Berlin - Kommt eine Frau die Treppe vom U-Bahnhof hoch und steht am Kottbusser Tor. Sie hat sich verfahren und fragt, Entsetzen im Blick, wo sie hier sei. Eine Wienerin am Kotti. Als Anwohner will man im Erdboden versinken, aber der Platz ist dafür zu dreckig. Läuft man Richtung Wassertorplatz, kann man immer wieder die einfach vors Haus auf die Straße gestellten Möbel der Anwohner ansehen: Küchen, Bettroste, dicke Sofas, Wäsche. Die Kommune müht sich, den Sperrmüll wegzuräumen. Aber es quillt schnell neuer hervor. Trotz Videoüberwachung. Bürgerputzaktionen wie an diesem Wochenende helfen nur für einen Moment.

Mokiert sich ein Auswärtiger über den Berliner Dreck, lautet eine trotzige Abwehrreaktion: Hier sieht’s eben nicht aus wie in einer Kleinstadt im Südwesten, dafür ist Berlin bunt. Was für ein dummer Spruch. Er sagt: Bunt ist dreckig. Verstehe einer diese Logik. 

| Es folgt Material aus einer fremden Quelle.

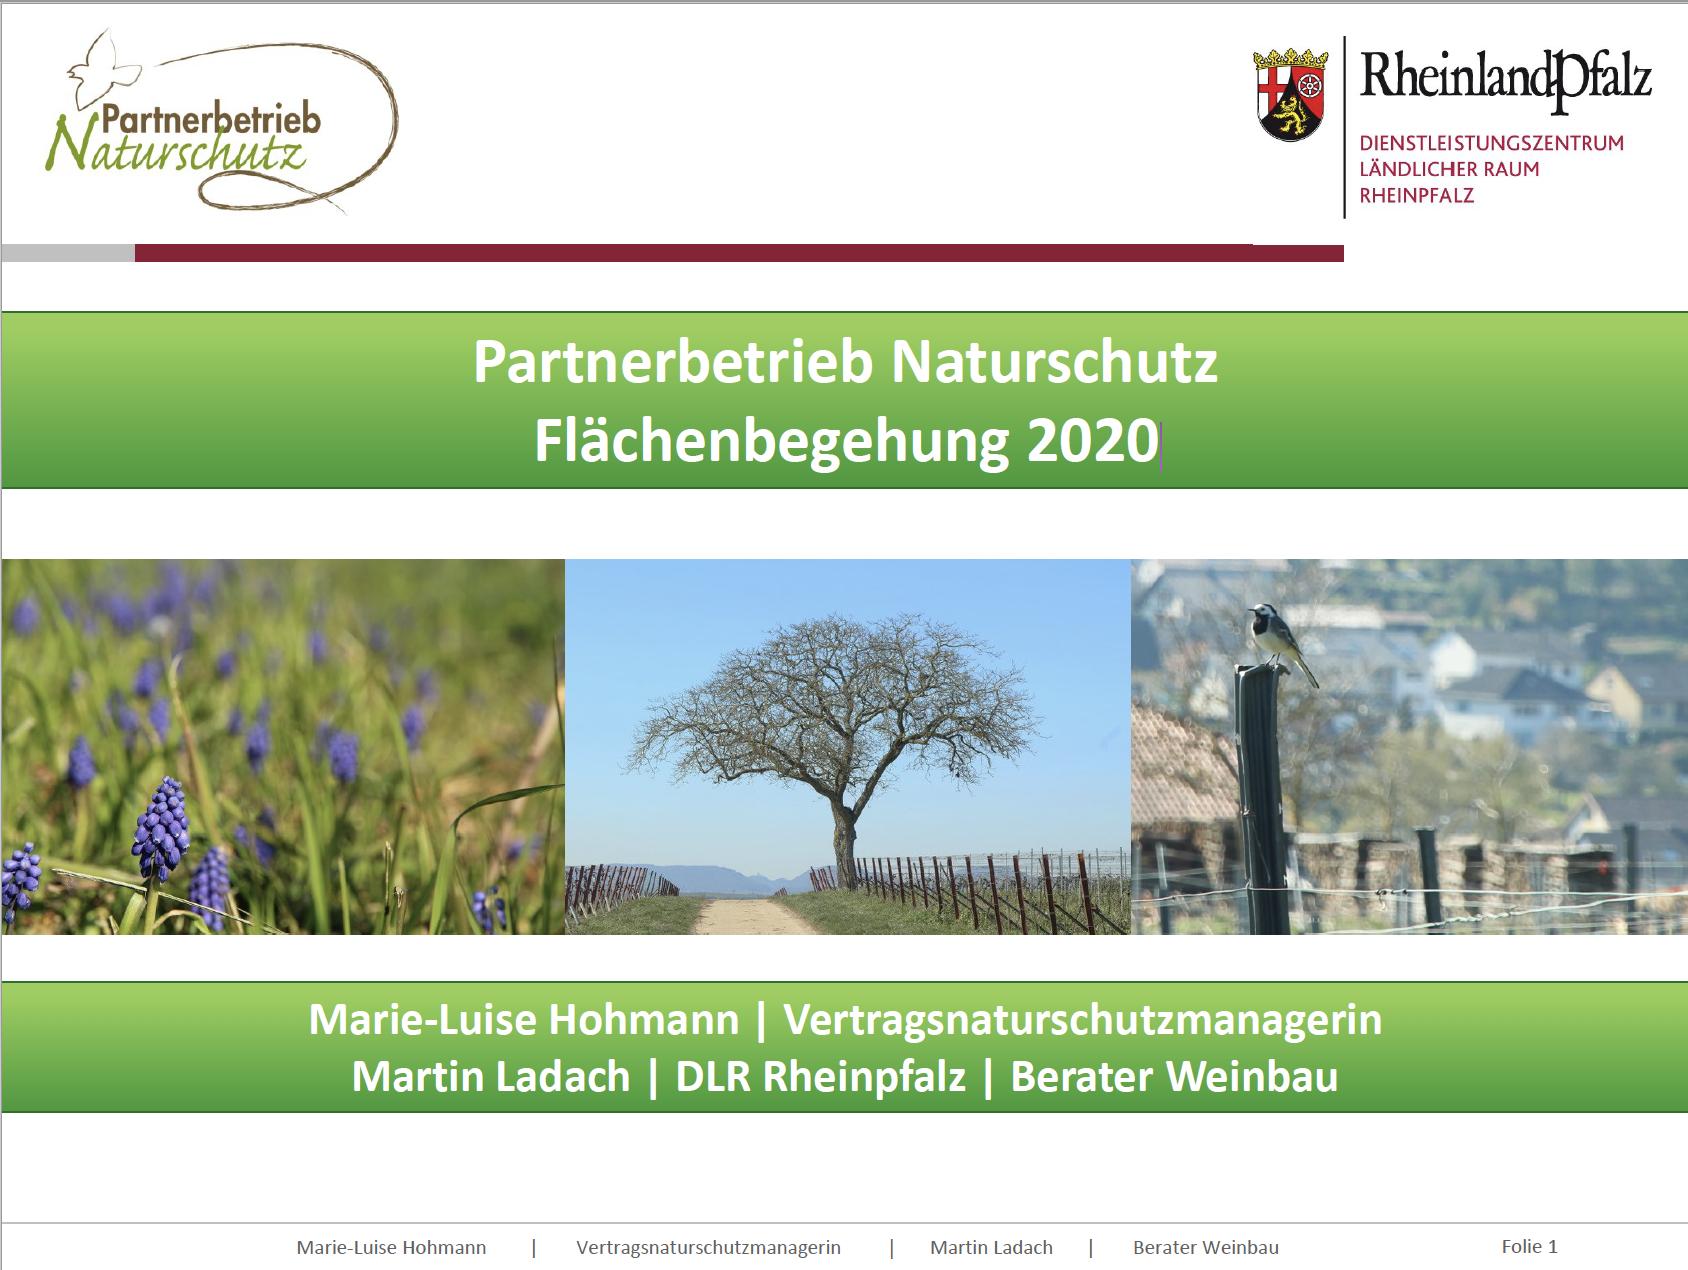 Partnerbetrieb_Naturschutz

Bunt und sauber - das ist möglich

Wieso sollte eine bunte Stadt nicht nett aussehen, mit wenig Glasscherben in Grünanlagen, wo Kinder und Tiere rumlaufen? Man kann nun auf die Grünflächenämter zeigen, die womöglich falsche Schwerpunkte setzen. Man kann daran erinnern, dass die Grünpflege kleingespart und kaputtorganisiert wurde. Aber zur Wahrheit gehört auch: Der Dreck kommt nicht von allein dorthin. Bürgerinnen und Bürger lassen ihn einfach fallen. Womöglich  haben sich zu viele Leute an den Dreck gewöhnt und werfen ihren dazu.

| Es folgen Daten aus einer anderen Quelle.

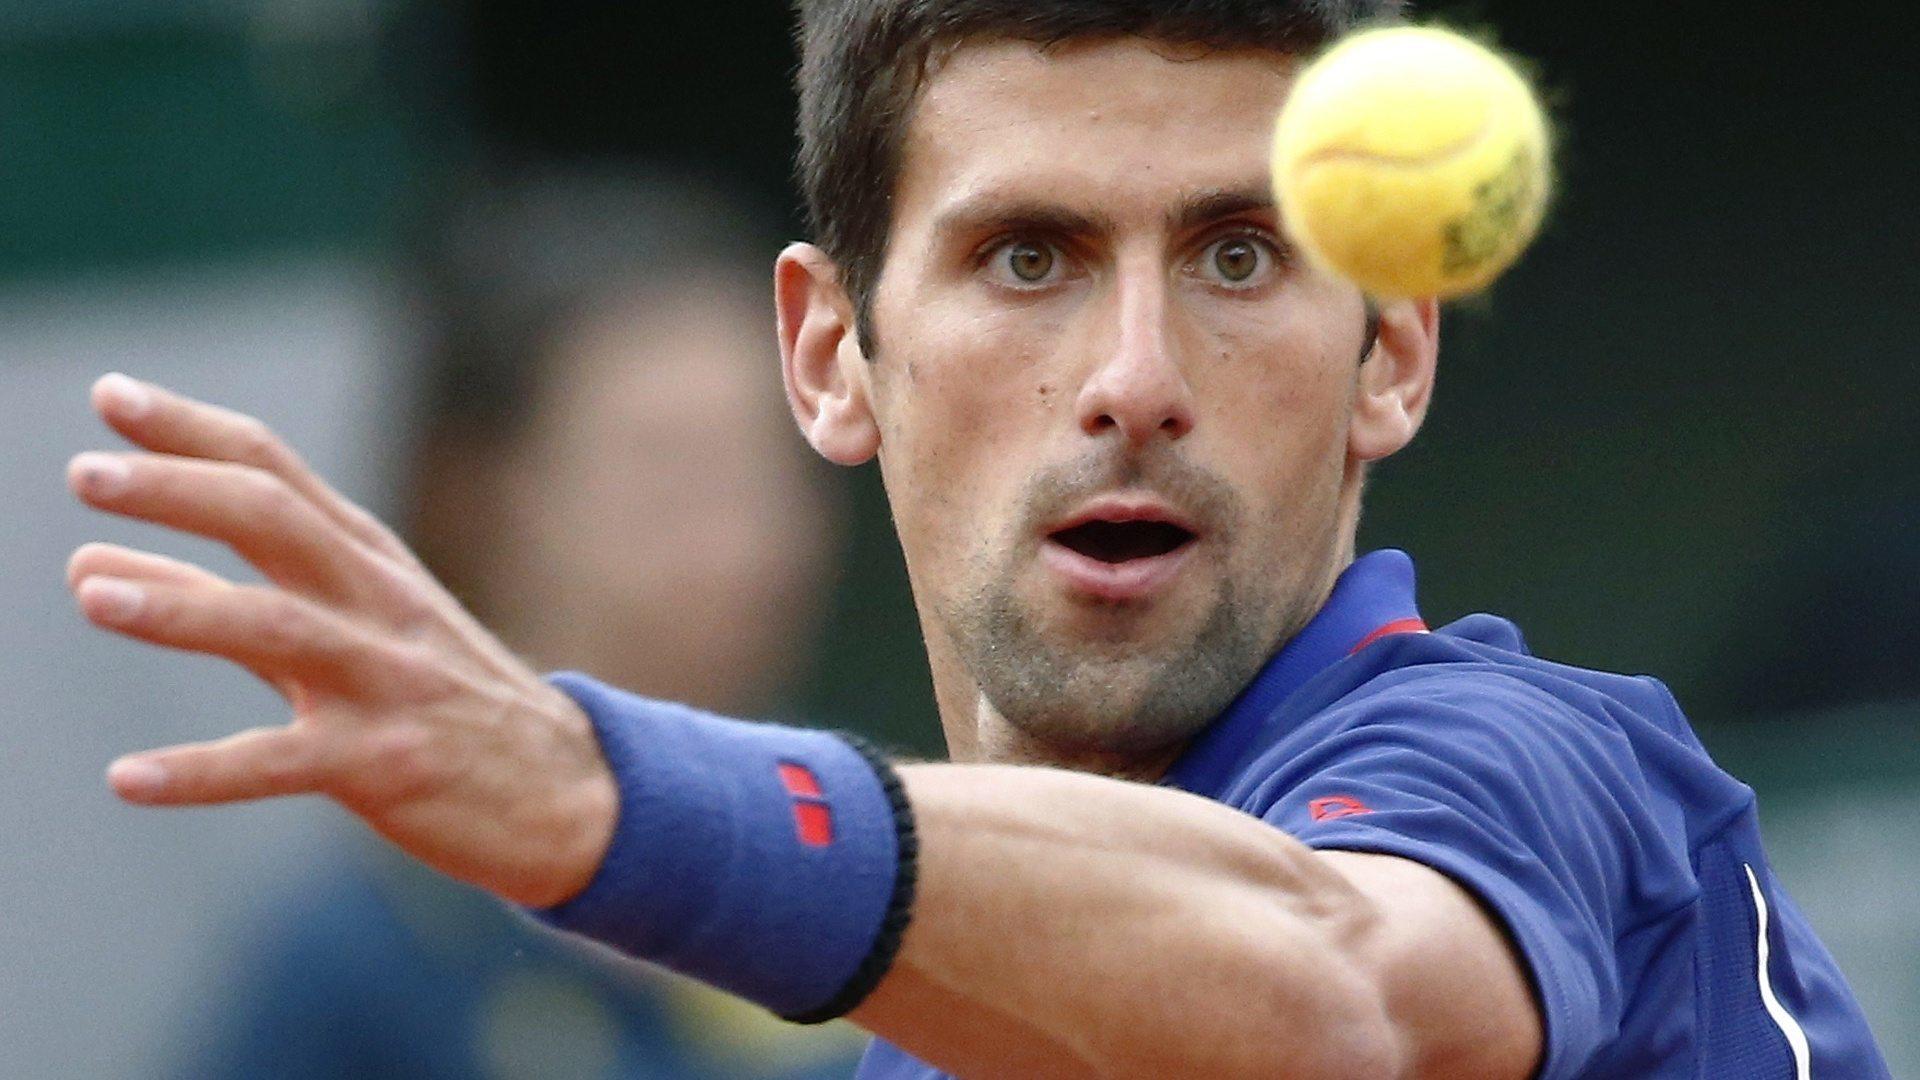 novak djokovic eye on the ball for 2015 rome masters open

Kontrollieren und bestrafen

Das bleibt folgenlos: Haben Sie schon einmal erlebt, dass solches Fehlverhalten ordnungsamtlich sanktioniert wurde? Laut Bußgeldkatalog kostet das Wegwerfen oder Liegenlassen von Kleinmüll wie Pappbechern, Zigarettenschachteln oder Bananenschalen 35 Euro. Großstädte wie Wien flankieren ihre Stadtreinigung mit Bußgeldern gegen Vermüller. Das kann Berlin auch – damit es sauber, bunt und sexy wird.